## [Exercise details]
Take the lines below from the one with "India Hotel Market Review 2018 H1" through the one with "Sealey Portable Adjustable" and print only them, exactly. Don't print the pictures.

## [Supplied information]
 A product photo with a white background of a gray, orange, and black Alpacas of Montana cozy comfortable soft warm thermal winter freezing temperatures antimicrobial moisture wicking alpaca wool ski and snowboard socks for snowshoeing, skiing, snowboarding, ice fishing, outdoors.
...
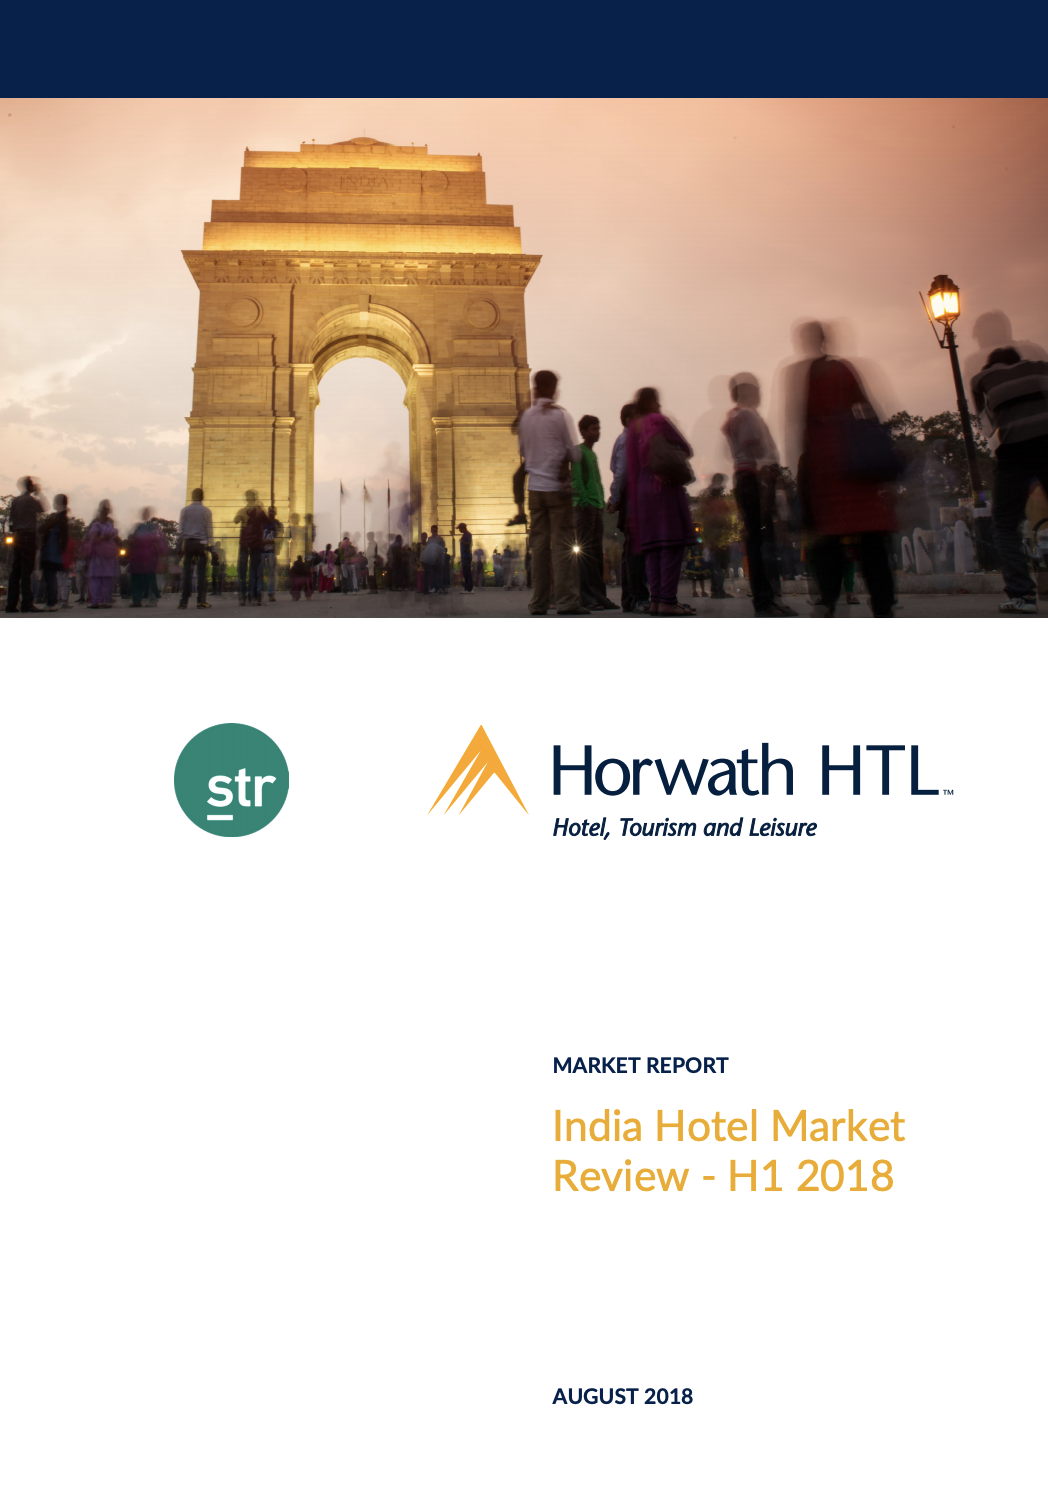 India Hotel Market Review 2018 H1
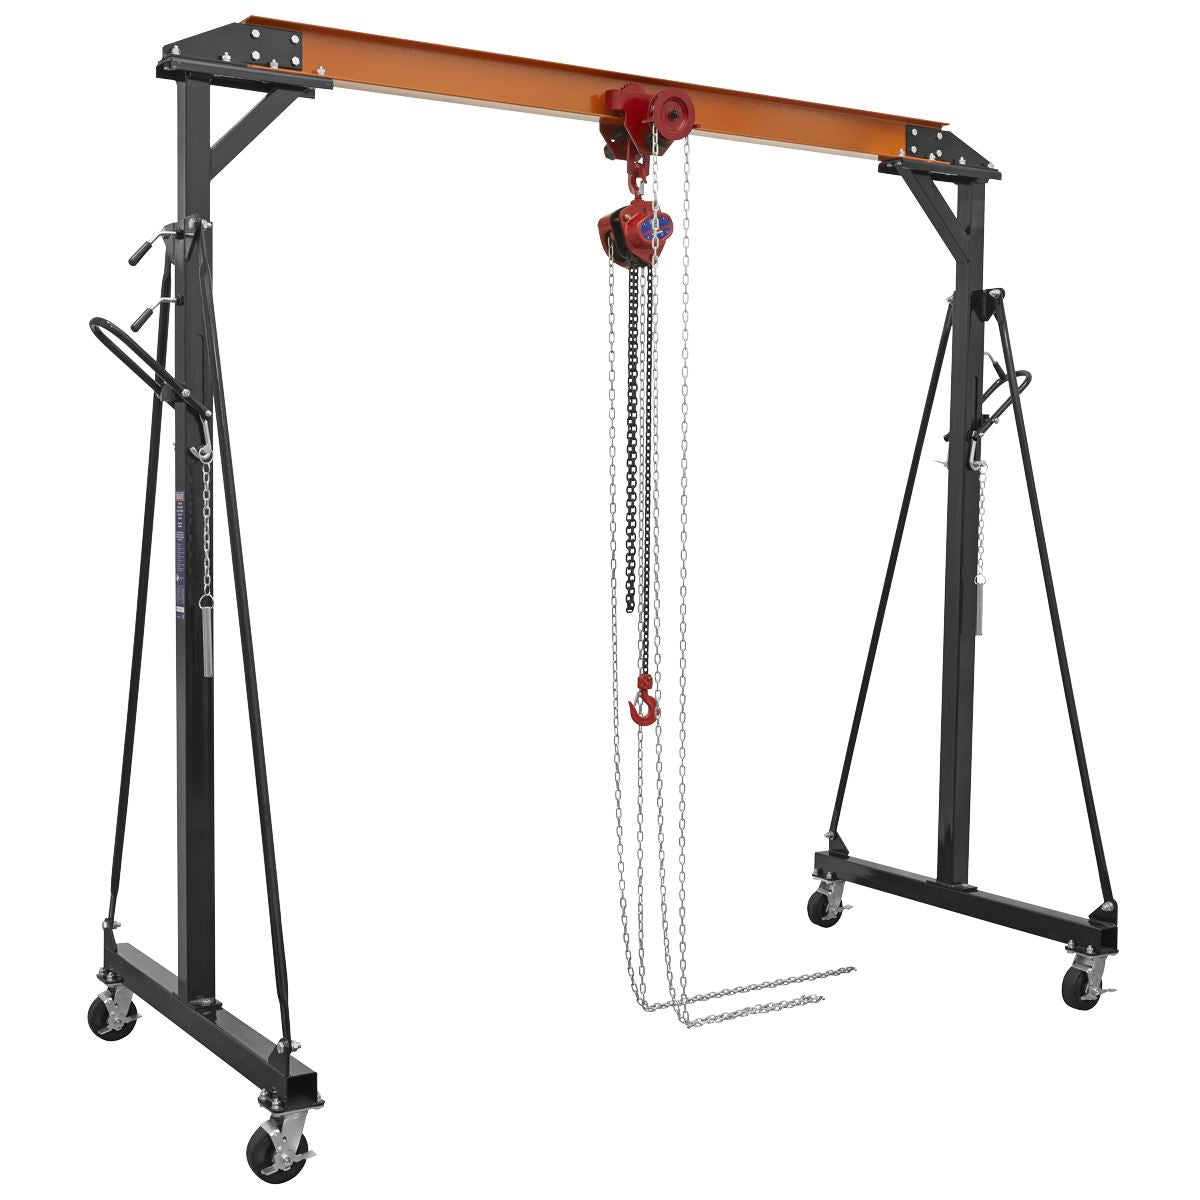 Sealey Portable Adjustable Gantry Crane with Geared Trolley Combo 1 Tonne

## [Solution]
 India Hotel Market Review 2018 H1
 Sealey Portable Adjustable Gantry Crane with Geared Trolley Combo 1 Tonne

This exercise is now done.